* [ASSIGNED TASK]
Excluding pictures, reproduce word for word the lines from the one containing "Capture d'écran 2017-02-07" through the end of the material below.

:: DATASET CONTENT ::

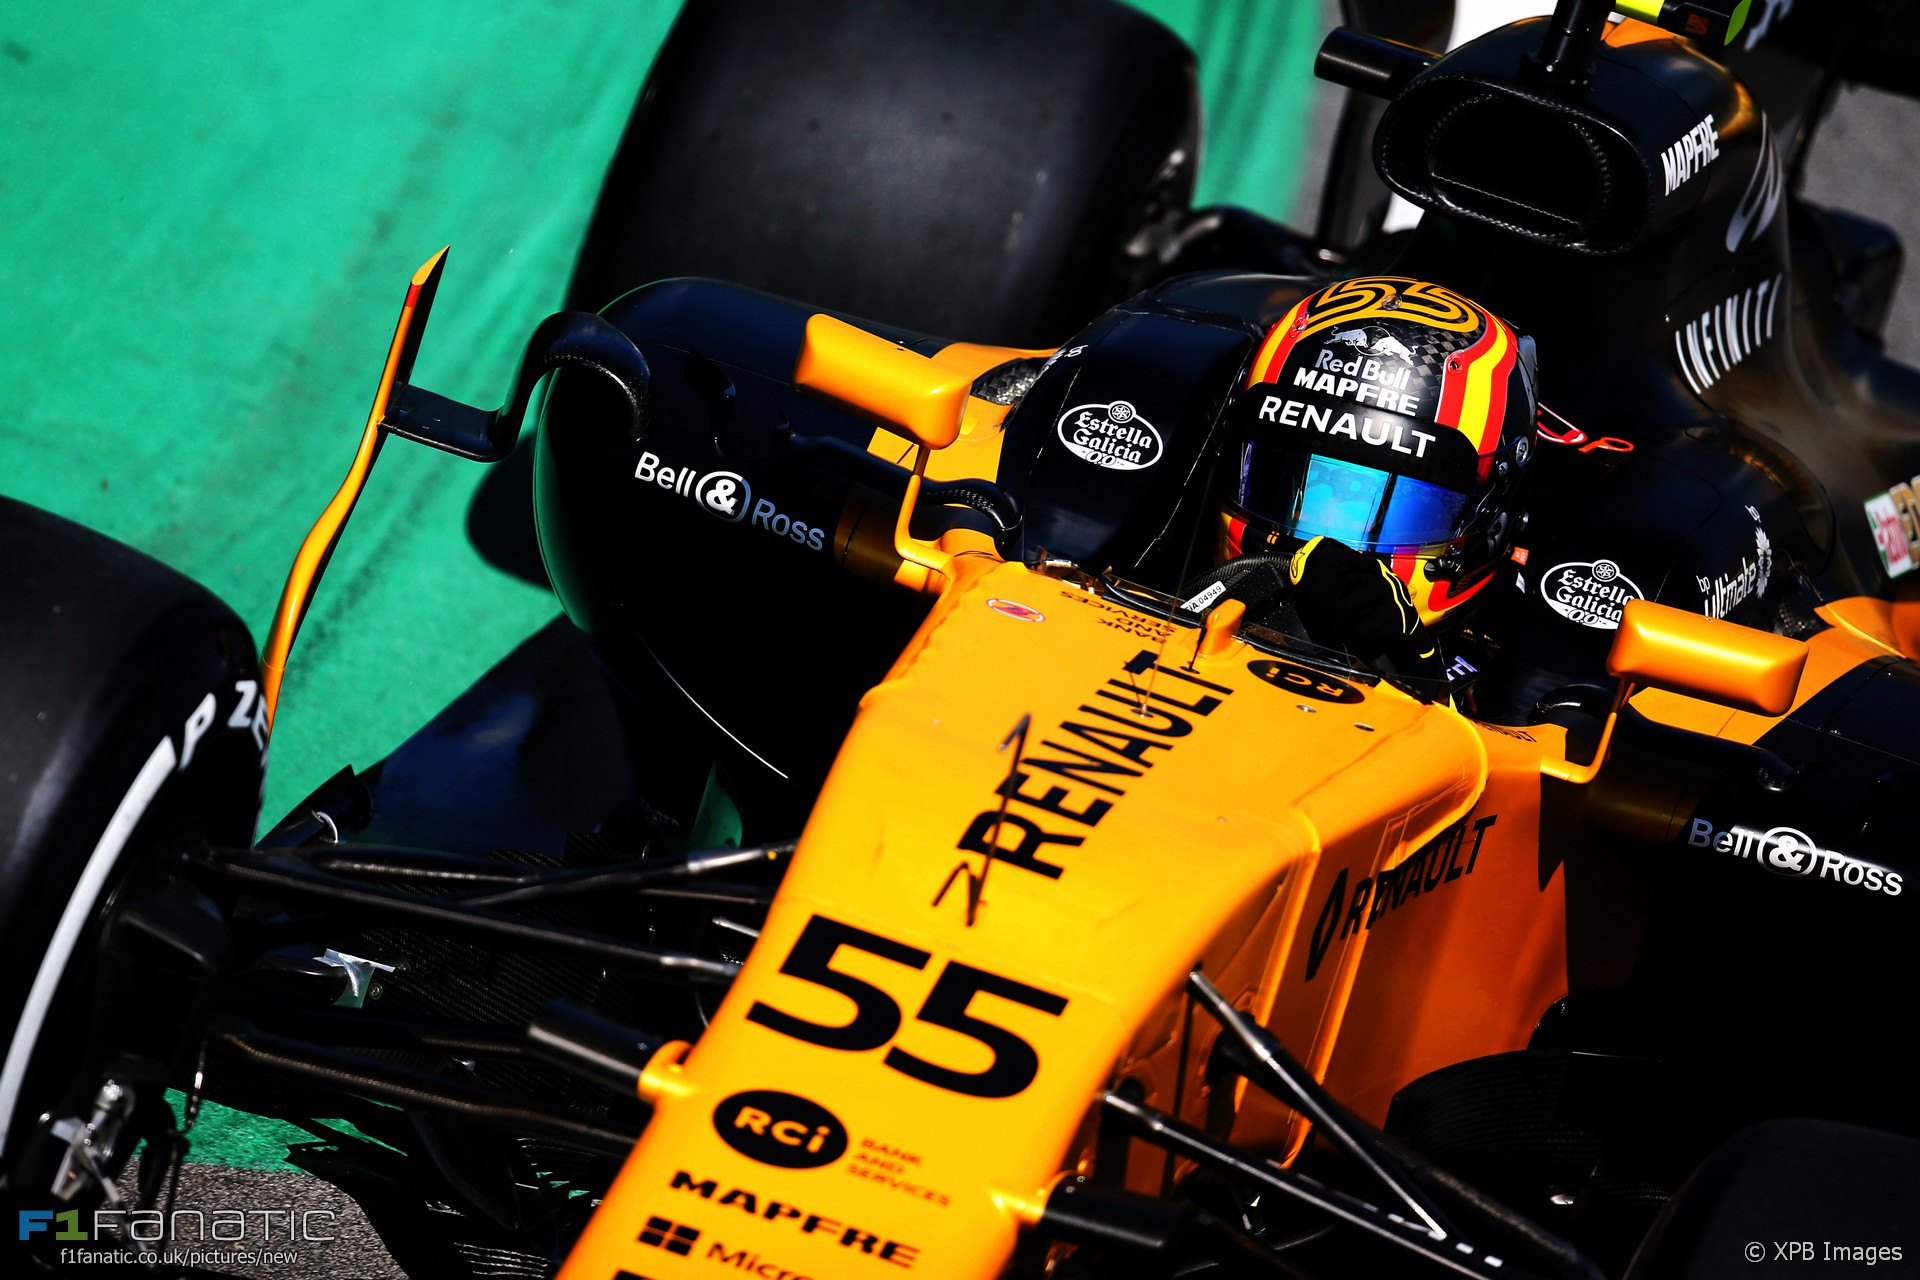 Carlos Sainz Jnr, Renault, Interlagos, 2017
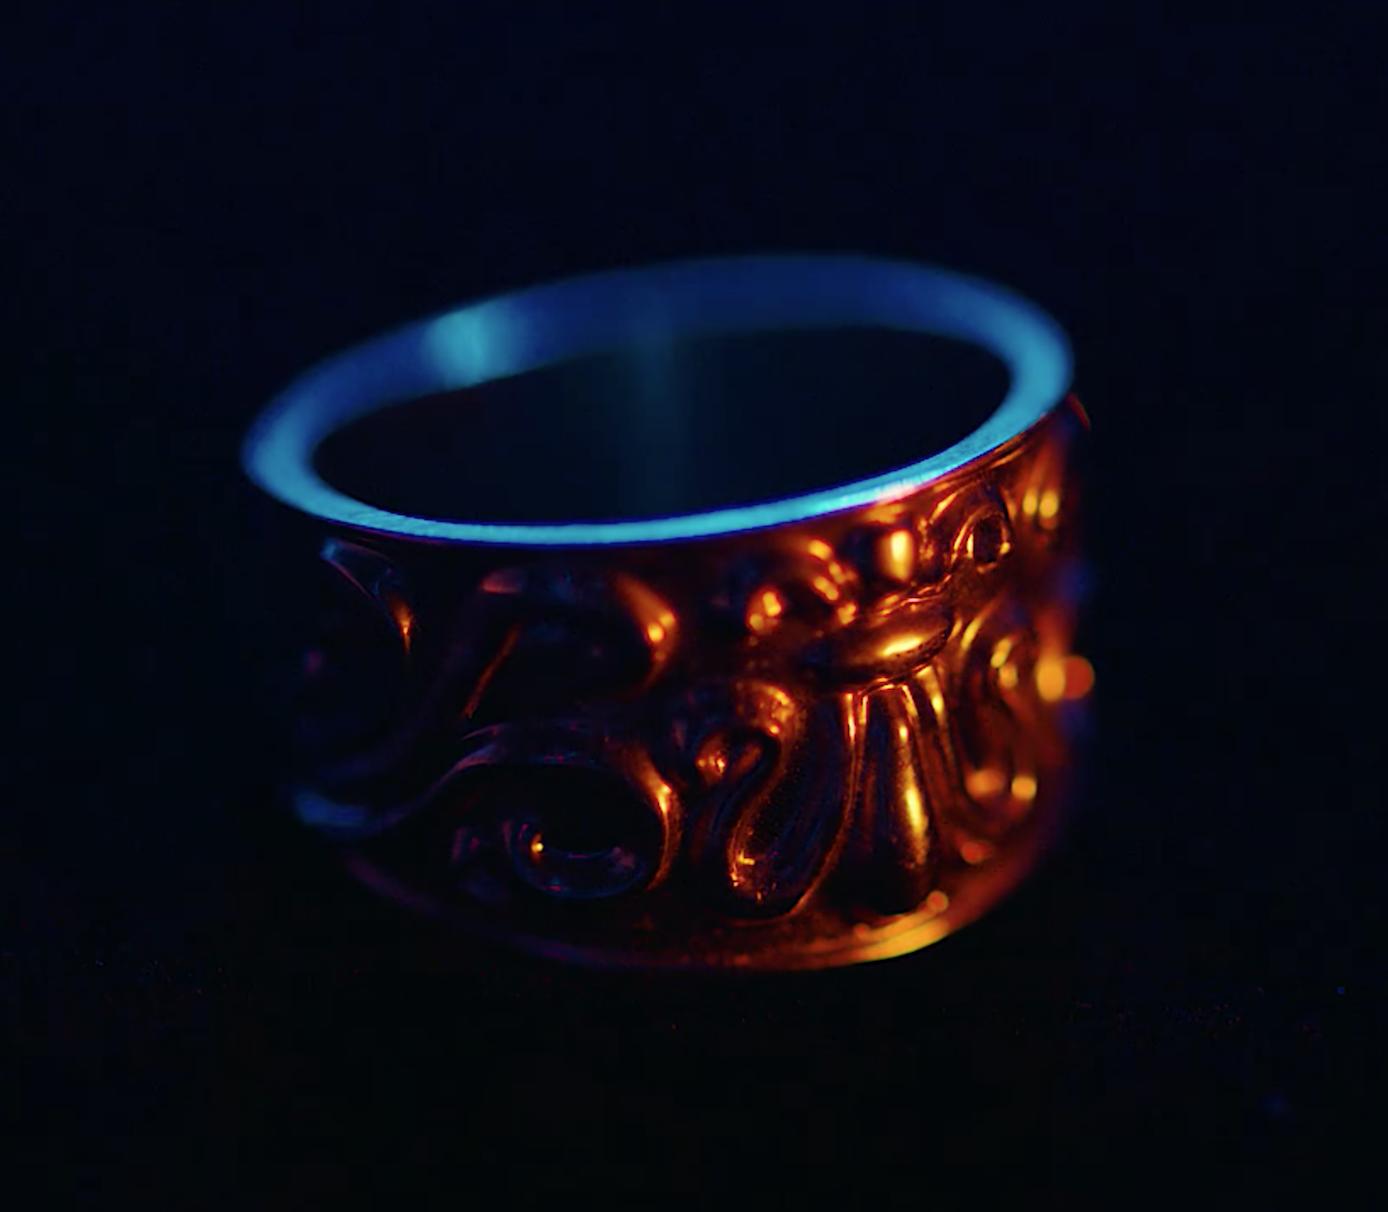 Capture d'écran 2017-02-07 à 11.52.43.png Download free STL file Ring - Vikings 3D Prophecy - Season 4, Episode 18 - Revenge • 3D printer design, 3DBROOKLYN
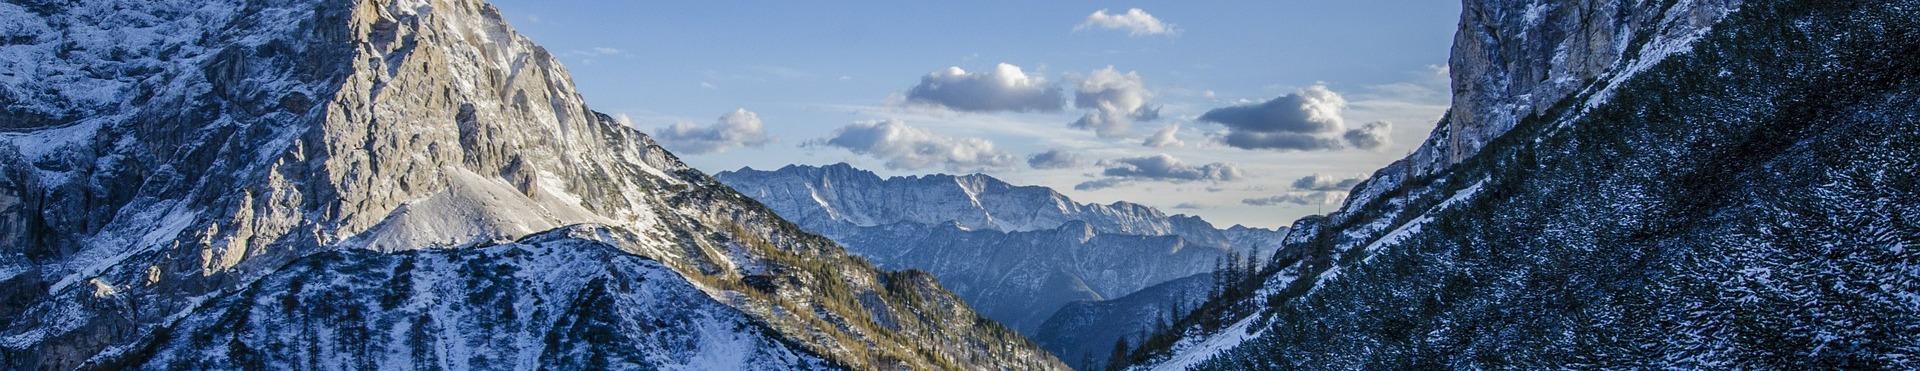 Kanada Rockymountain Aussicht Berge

:::

* [TASK ANSWER]
 Capture d'écran 2017-02-07 à 11.52.43.png Download free STL file Ring - Vikings 3D Prophecy - Season 4, Episode 18 - Revenge • 3D printer design, 3DBROOKLYN
 Kanada Rockymountain Aussicht Berge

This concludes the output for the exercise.